Seung Hyuck Jeon1,2, Gihoon You3, Junsik Park4, Youseung Chung1, Kyungjin Park3, Hyunjoo Kim3,Jaehyoung Jeon3, Youngkwang Kim3, Woo-Chan Son5, Da Som Jeong6, Eui-Cheol Shin1,Jung-Yun Lee4, Dai Hoon Han7, Jaeho Jung3, and Su-Hyung Park1

1Graduate School of Medical Science and Engineering, Korea Advanced Institute of Science and Technology (KAIST), Daejeon, Republic of Korea.
2Department of Radiation Oncology, Seoul National University Bundang Hospital, Seongnam, Republic of Korea.
3ABL Bio Inc., Seongnam, Republic of Korea.
4Department of Obstetrics and Gynecology, Yonsei University College of Medicine, Seoul, Republic of Korea.
5Department of Pathology, Asan Medical Center, University of Ulsan College of Medicine, Seoul, Republic of Korea.
6Department of Medical Science, AMIST, Asan Medical Center, University of Ulsan College of Medicine, Seoul, Republic of Korea.
7Department of Surgery, Yonsei University College of Medicine, Seoul, Republic of Korea.
* S.H. Jeon, G. You, and J. Park contributed equally to this article.
* Corresponding Authors: Su-Hyung Park, Laboratory of Translational Immunology and Vaccinology, Graduate School of Medical Science and Engineering, Korea Advanced Institute of Science and Technology, 291 Daehak-ro, Daejeon 34141, Republic of Korea. E-mail: park3@kaist.ac.kr;
Jaeho Jung, ABL Bio Inc., 16 Daewangpangyo-ro 712 beon-gil, Bundang-gu, Seongnam-si, Gyeonggi-do 13488, Republic of Korea. E-mail: jaeho.jung11@gmail.com;
and Dai Hoon Han, Department of Surgery, Yonsei University College of Medicine, 50-1 Yonsei-ro, Seodaemun-gu, Seoul 03722, Korea. E-mail: DHHAN@yuhs.ac


[Journal] 
 Clinical Cancer Research, 2024 May 14. doi: 10.1158/1078-0432.CCR-23-2864

[Abstract]

Purpose: To overcome the limited efficacy of immune checkpoint blockade, there is a need to find novel cancer immunotherapeutic strategies for the optimal treatment of cancer. The novel anti-4-1BB×PD-L1 bispecific antibody-ABL503 (also known as TJ-L14B)-was designed to simultaneously target PD-L1 and 4-1BB, and demonstrated strong antitumor T-cell responses without considerable toxicity. Here, we investigated how the combination of ABL503 and anti-PD-1 blockade affected the reinvigoration of exhausted tumor-infiltrating CD8+ T cells (CD8+ TILs) and anti-tumor efficacy.

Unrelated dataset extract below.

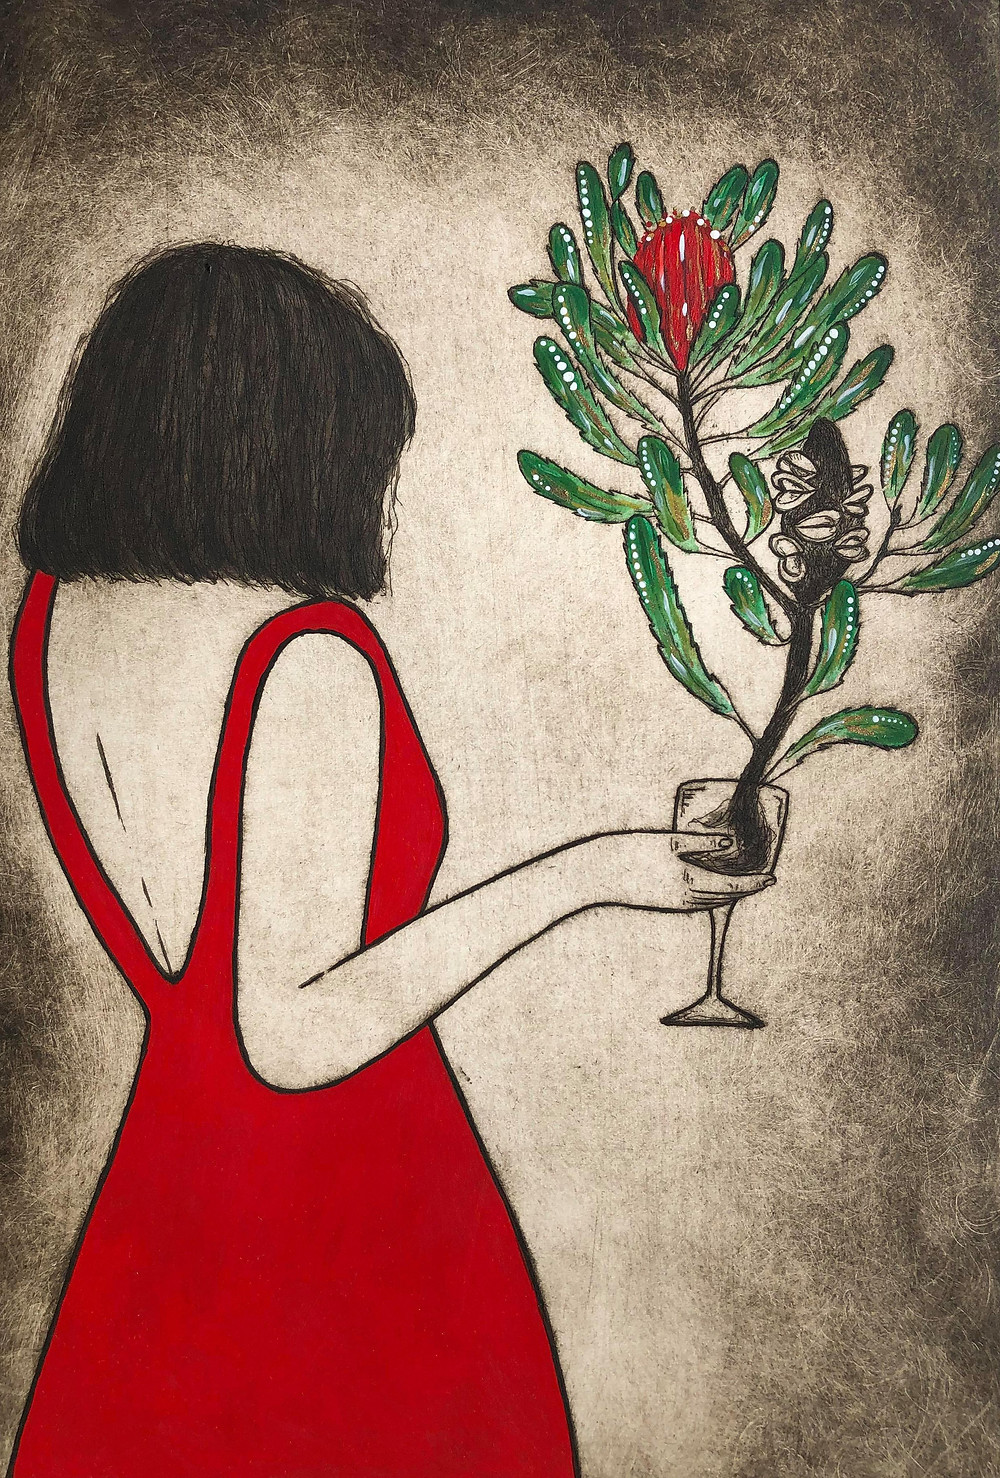 wine glass, wine art, red dress, red art, banksia art, Australian flower art, bob cut lady, lady with wineglass, Australian native plants, Australian botanical art, etching, printmaking art, Kate Piekutowski printmaker

Experimental design: Single cell suspensions of hepatocellular carcinoma and ovarian cancer from treatment-naive patients were used for immunophenotyping of CD8+ TILs and in vitro functional assays. Humanized hPD-1/hPD-L1/h4-1BB triple knock-in mice were used to evaluate the effects of ABL503 and anti-PD-1 blockade in vivo.

Results: We observed that ABL503 successfully restored the functions of 4-1BB+ exhausted CD8+ TILs, which were enriched for tumor-specific T cells but unresponsive to anti-PD-1 blockade. Importantly, compared to anti-PD-1 blockade alone, the combination of ABL503 and anti-PD-1 blockade further enhanced the functional restoration of human CD8+ TILs in vitro. Consistently, the combination of ABL503 with anti-PD-1 in vivo significantly alleviated tumor growth, and induced enhanced infiltration and activation of CD8+ TILs.

Conclusions: ABL503-a PD-L1 and 4-1BB dual-targeting bispecific antibody-elicits pronounced additive tumor growth inhibition, with increased infiltration and functionality of exhausted CD8+ T cells, which in turn enhances the anti-cancer effects of anti-PD-1 blockade. These promising findings suggest that ABL503 (TJ-L14B) in combination with PD-1 inhibitors will likely further enhance therapeutic benefit in clinical trials.